One of his points about the lifestyle in Kerala is that people do not have nearly as many things as do the citizens of the "more developed" nations, such as the U.S. Much more of the work in that state is done by hand, or with basic tools rather than fossil-fueled power equipment. Local natural resources are used, reused, and recycled. They get around on foot or on bicycles, mostly.
An estimate given of resource consumption (Gross Domestic Product per capita) in 2000 for the U.S. was $34,260. For Kerala, it was $566.
Kerala is a good model for sustainability and social justice. Progressive forces in the U.S. struggle mightily but will never come close to fully implementing this type of system until we fall (or are pushed) off our imperial throne. Note that most European countries, having lost their status as "world powers" now have more socialistic societies.
They very fact we still have to talk about womans rights, shows we have a LONG ways to go in that regard.
You should study the history of the Vedic Era before the Hindus and Muslims took over and marginalized women to subserviance until the Brits sort of cured it even though they had their own tyranny against Indians.

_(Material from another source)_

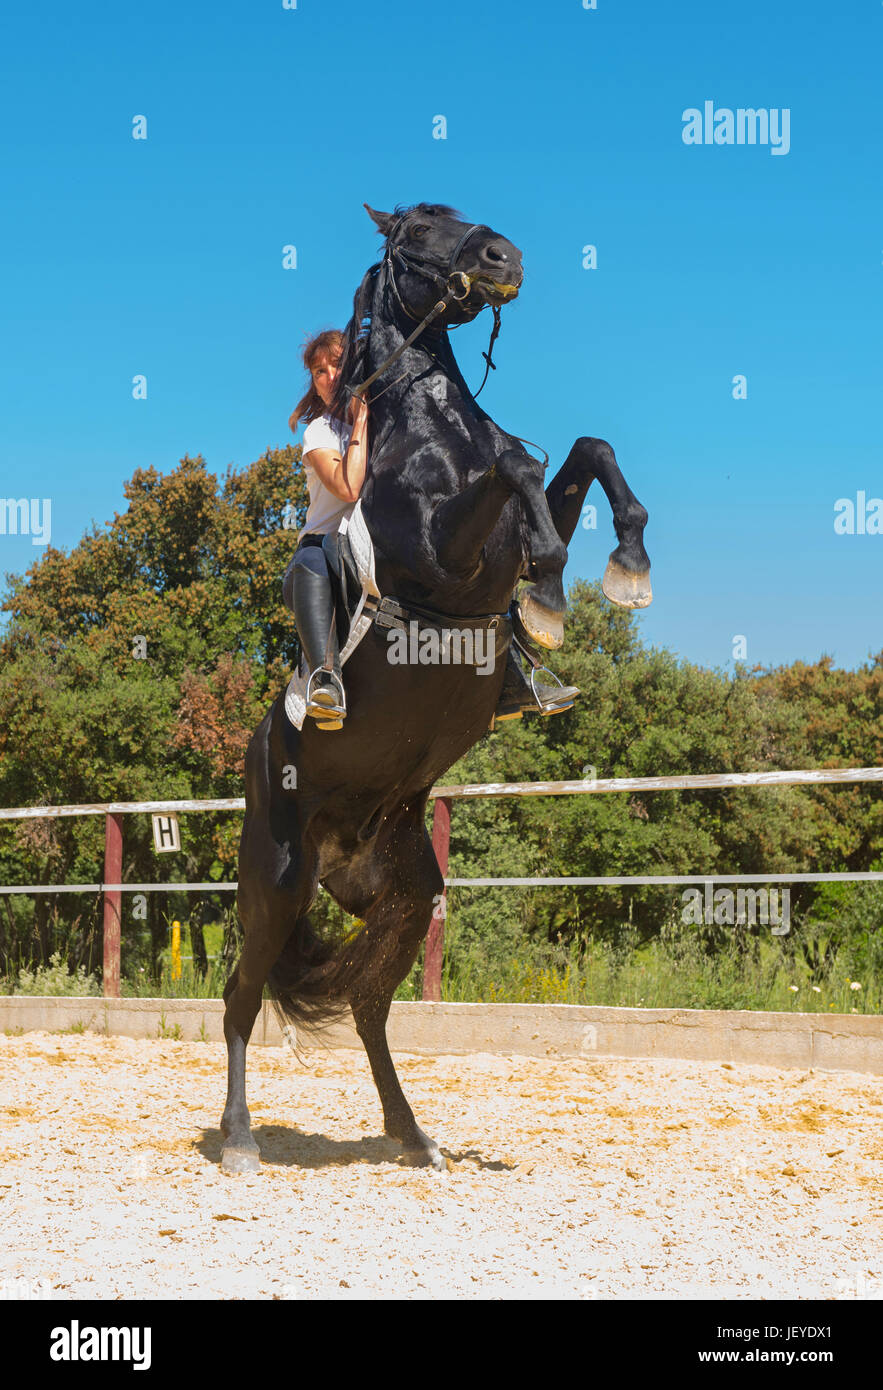 trianing of dressage for a riding girl and stallion Stock Photo

I hear women and men had plenty of equal opportunities of love and happiness back in those days plus plenty of cool female leaders. We could learn from them.
I agree with Dennis....it's better not to categorize women so specifically. Women and men both share all kinds of characteristics. On the other hand, Poet also has a good point. I have to acknowledge that women, in general, tend to commit far less violence, exhibit less aggressive behavior, focus more on relationships and "getting along" than men do - in the real world. This may be wholly due to cultural conditioning. Although I don't believe that entirely because of the differing tendencies I've seen in very young boys and girls. Whatever the reason, greater representation by women in the political process is a GOOD THING.
I believe that Kerala is a shining light of optimism in this World, which is going through the death throes of Capitalism. What has rampant, free market, deregulated Capitalism given us? It has provided us with a society ruled by the elite, a huge divide between rich and poor.
Kerala on the other hand, has simplified life, and given a sense of purpose to the people. Why is the word "communism" associated with all that is bad in the World, after all it shares a meaning with "commune" and "community". If we take modern Socialism (progressive or democratic - whichever), and try to imagine what it is trying to achieve, then the contrast with Capitalism is quite stark. In this modern age, we have the technology and knowledge to help everyone in the community, by making everyone feel that they are valued, and can contribute.
Capitalism on the other hand, is fed by greed and a selfish desire to succeed for one's own personal gain. Capitalism encourages corruption, and is the cause of many wars.
There is a price to pay for the decades of Capitalist gluttony, and I feel that we are going to be asked to settle the bill very soon.